Geomorphology of the study area.

Figure 5 

Land use and land cover map of the study area.

Geology of the Study Area

Geologically, the area represents a complex terrain resulted in several tectonic processes which developed into different geological blocks together. The rock types of these areas belong to the Archaeans and are divisible into three groups 1. Sedimentary- Metamorphites represented by quartz, mica schist and phyllite, 2. Metamorphics are represented by hornblende schist, amphibolite and epidiorite and, 3. Granitoids includes biotite, grano-diorite and migmite gneiss (Banarjee 1964–65) (Table 1).

Table 1

Litho Stratigraphy of the Study Area (After, Banarjee 1964–65).



Quartz vein


------------Intrusive contact------------

Archaean Biotite granodiorite

Granite gneisses

Hornblende schist, amphibolites and epidiorite

Quartz, mica schist and phyllite

The first two groups of rocks occur as inclusions with the third group of rocks. The dolerite dykes’ traverse through the granitic terrain. Veins of quartz, pegmatite, and epidote traverse through the granitoid rocks (Figure 6). The perennial Ong river along with its major and minor tributaries, control the drainage pattern of the entire area. The entrenched meanders of the drainage lines, rocky riverbed, and steep river bank indicate the river’s rejuvenation character. In short, the region has undergone polycyclic erosion (Banerjee 1964–65) (Figure 7). The upper source region of river is rocky, and the middle and lower part is sandy. The Uttali and the Ghensali rivers having a north-south course are seasonal and carry substantial water only during the rainy season. Gradually the river gets shallow and more expansive towards down streams.

Figure 6 

Lithological map of the study area.

Figure 7 

Erosional map of the study area.

Previous Work

Prehistoric archaeological research in the Bargarh district of Odisha, and Particularly in the southwestern part covering the Padampur subdivision, has been sporadic in the past. The Northern Bargarh upland comprises mostly the drainage systems of numerous rivers which include, Jira, Girisul, Danta, Jhaun, and Kuliari etc. Extensive exploration conducted in this area has resulted in numerous open-air sites of different cultural phases. For the first time, Tripathy (1972) reported Microlith in the lower Jira river at Sarsara, on the right bank of the Jira river in the Bargarh district of Odisha, where he found flake tool, flake-blade tools etc SK. Mishra (1982–83). S. Mishra (1998) conducted exploration on the upper part of the Jira river and located 10 Microlithic sites and in the lower Jira river by K. Seth (1995). Afterward, P.K. Behera and N. Thakur carried out extensive field exploration and took few trial trenches to know the stratigraphic position of the cultural materials at Barpadar (Behera et al. 2015), Lohara reserve forest (Thakur and Behera 2015),Torajungha middle palaeolithic site in Danta river (Behera and Thakur 2018, 2019; Behera et al. 2020). Jira and Ranj stream by S. Deep in 2016, where he located 44 microlithic sites in various geomorphological settings (Deep 2016). However, the southwestern part of the Bargarh district, which comes under the Padampur Subdivision, was untouched and remained terra incognita.

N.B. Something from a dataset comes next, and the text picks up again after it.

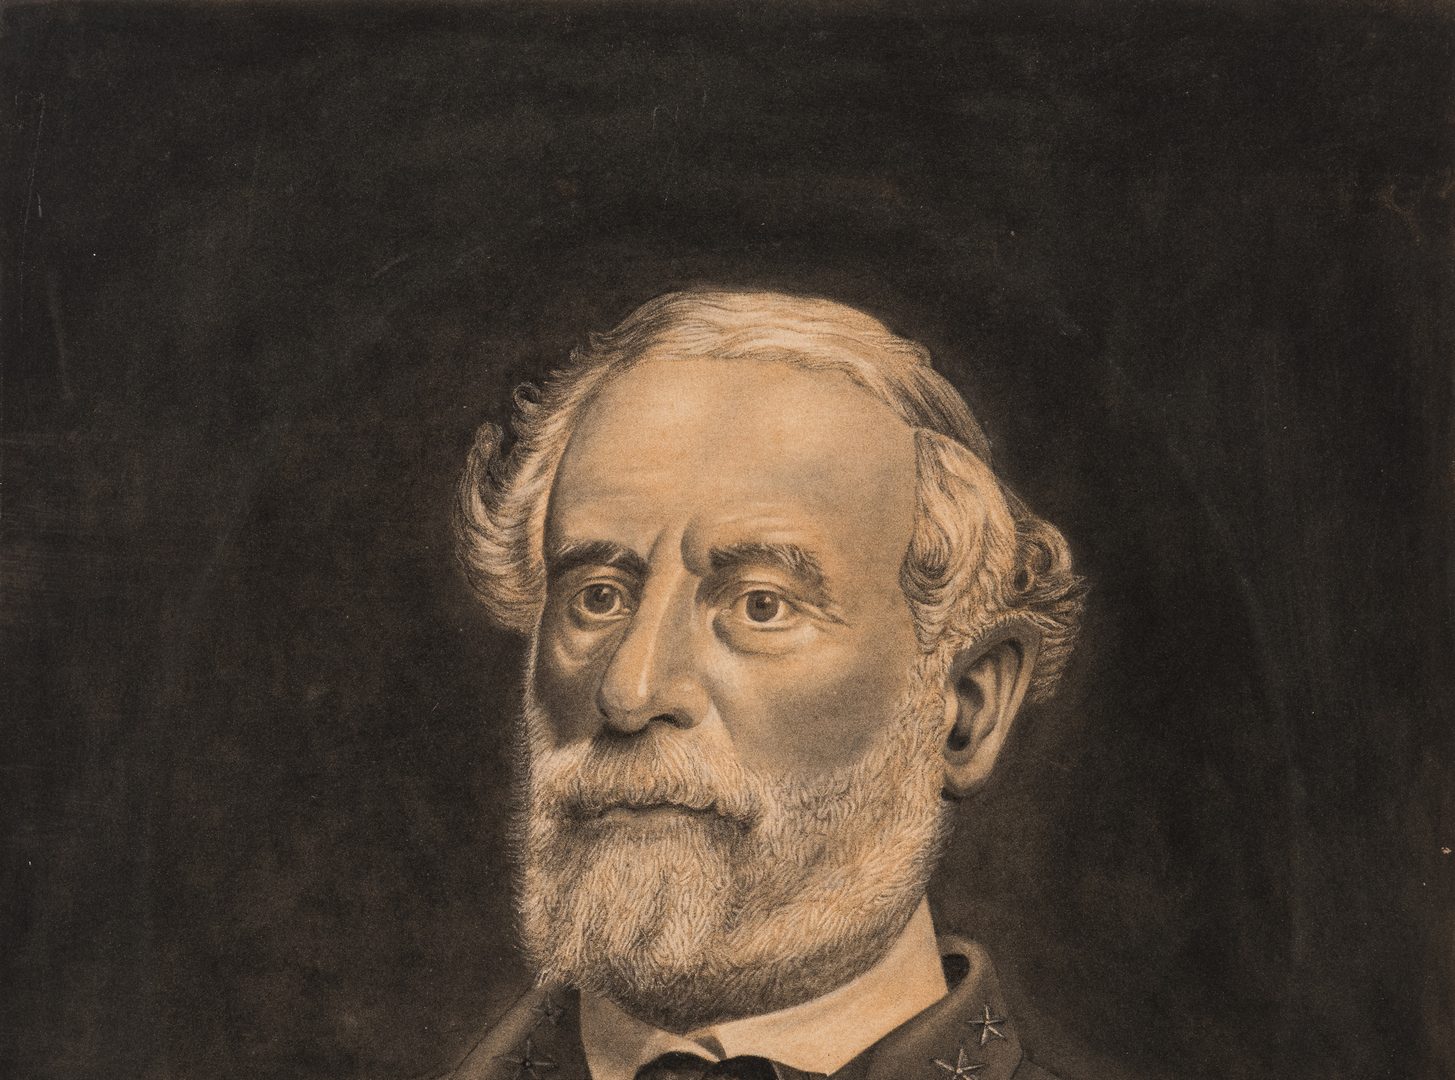 Lot 349: Robert E. Lee Charcoal Portrait; Lees of VA Print

The author took up the area for a comprehensive field investigation with a focus on the Middle Ong valley and identified total numbers of 43 new sites belongs to different cultural phases (Figure 8). Earlier in the upper reaches of the Ong river Tripathy reported two microlithic sites at Deuli and Nagenmal and collected 65 flakes and 52 blades, microlithic tools like scrapper, point, blade from the Upper loose gravel and brown silt (Tripathy 1972). In the year 1996, as a part of M. Phil programme, S. Panda conducted exploration in the Ong Valley and reported sketchily 17 microlithic sites un-associated with chopper chopping tools. The assemblage contains retouched and unretouched core, flake, blade, bladelet, chips, chunks, and ring stone. The artifacts were prepared on cryptocrystalline materials such as chert, chalcedony, Quartz (Milky and Crystal), opal, agate, and khondolite for ring stone (Panda 1996), (Padhan 2016).

Figure 8 

DEM map showing the Distribution pattern of sites in the study area.

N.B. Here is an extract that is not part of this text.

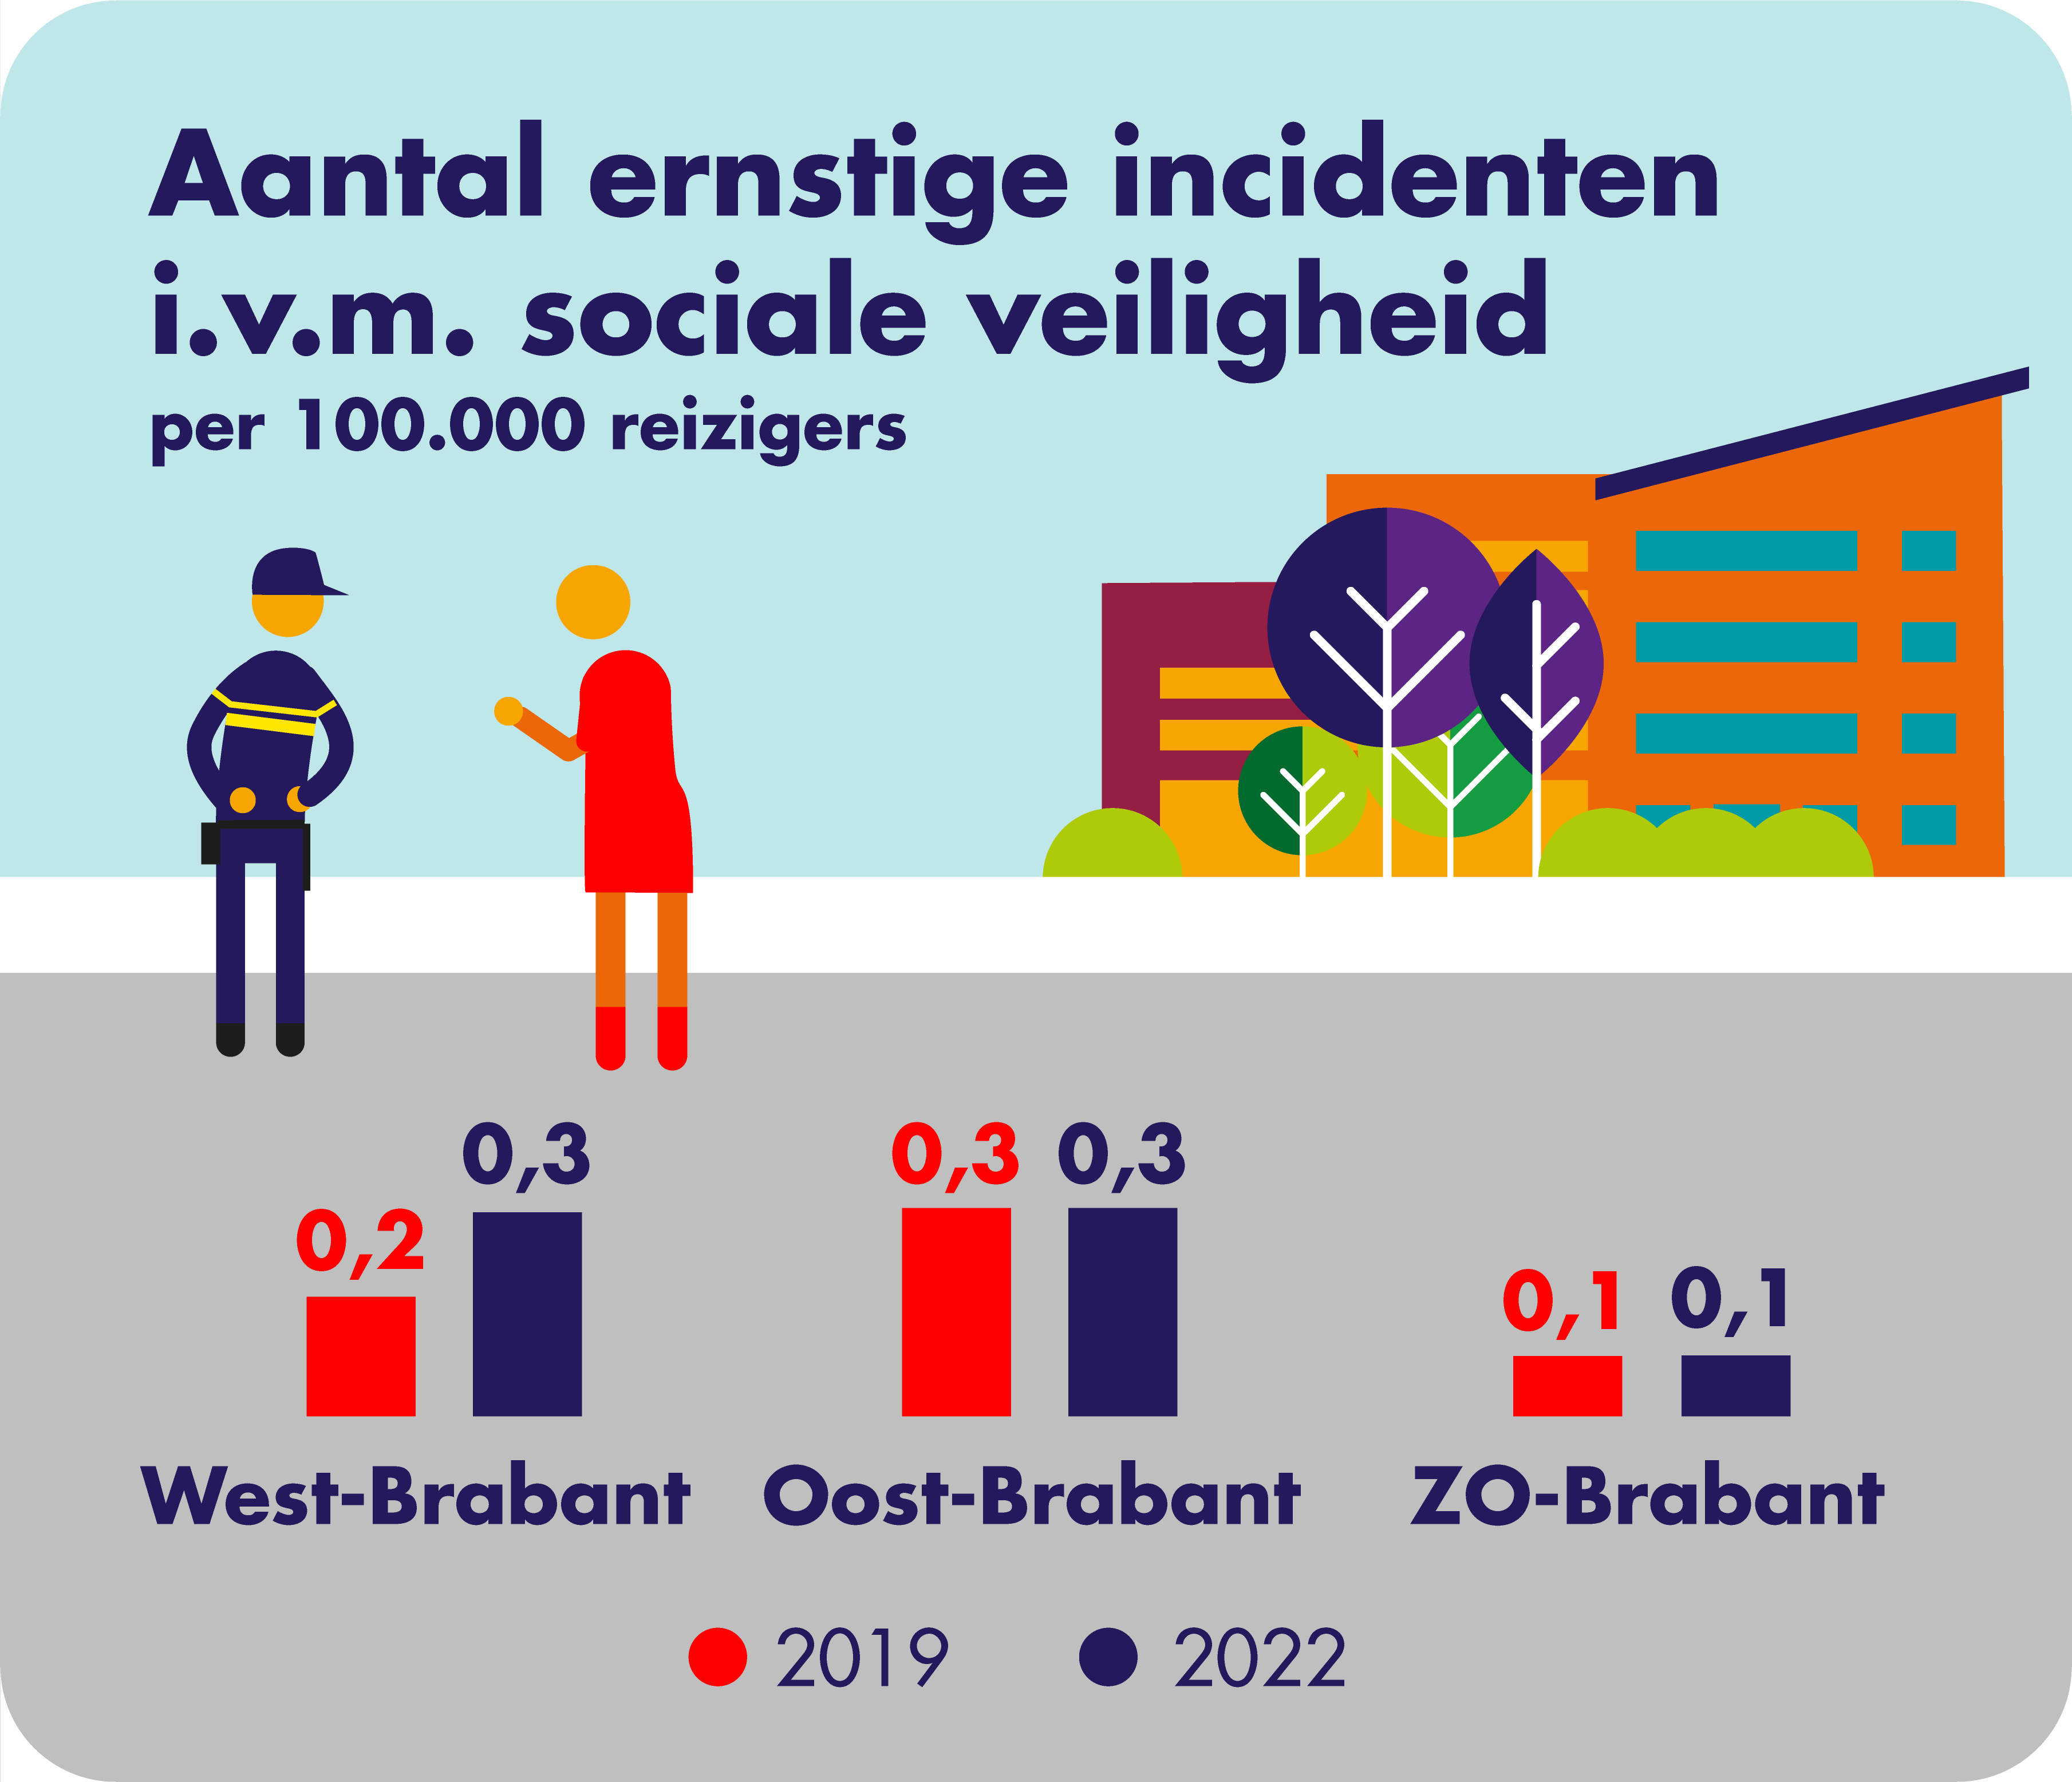 Op deze afbeelding is het aantal ernstige incidenten in verband met sociale veiligheid per concessiegebied weergegeven. In West-Brabant waren dit er in 2019 0,2 per 100.000 reizigers en in 2022 0,3. In Oost-Brabant waren dit er zowel in 2019 als 2022 0,3 per 100.000 reizigers. In Zuidoost-Brabant waren dit er zowel in 2019 als in 2022 0,1 per 100.000 reizigers.

For the present study, an intensive exploration was carried out to locate the prehistoric settlement, their distribution pattern and to understand the stratigraphic position of the artifact in the study area. For systematic exploration, we have used the toposheet maps namely (64 O/3, 64 O/4, 64 O/7 and 64 O/8 which is of 1:50,000 scale prepared by Survey of India and District Resources Map of Bargarh. Since geographical information system (GIS) applications are ideal for managing archaeological data, and also it has dual nature, as they are scattered both in time and space, besides environmental aspects have been broadly adopted for the present study (Scianna and Villa 2011). GIS technique was used where ever necessary to locate site, and sites were studied from the point of view of geological, geomorphological, drainage systems. For this purpose, different software, like Arch GIS (ESRI), Quantum GIS, Golden Surfer, and satellite data from Bhuvan, ISRO, USGS Earth explorer, Bhukosh Geological Survey of India, Google-earth satellite images, Bing Satellite images have been widely used. Various thematic layers like Digital Elevation Model (DEM), catchment analysis, watershed, drainage, contour of the study area, slope, land use land cover, soil erosion, lithology, geomorphology maps were generated using GIS for seamless integration of different thematic layers in relation to the prehistoric site contexts. Interactive spatial analysis of the map theme was generated for a better understanding of surface features of the land, potential outcrops such as, hill slope, river bank, river sections, erosional surface, pedimented areas, and stony outcrops in the area of the present study. For a better understanding of the site and surrounding landforms, digital terrain modelling was prepared for each site (Figure 9). For detailed documentation of each site, Garmin (Etrex-10) GPS was used (<3m resolution) for recording the geo-coordinates of each site. The entire study area covers 1079 sq km was surveyed on foot and motorbike was used for easy movement on narrow and unpaved roads on both stream banks and surrounding areas where ever necessary and potential river sections, exposed river bank surfaces were thoroughly checked for finding artifacts.

Figure 9 

Digital Terrain modelling of the Banabira site.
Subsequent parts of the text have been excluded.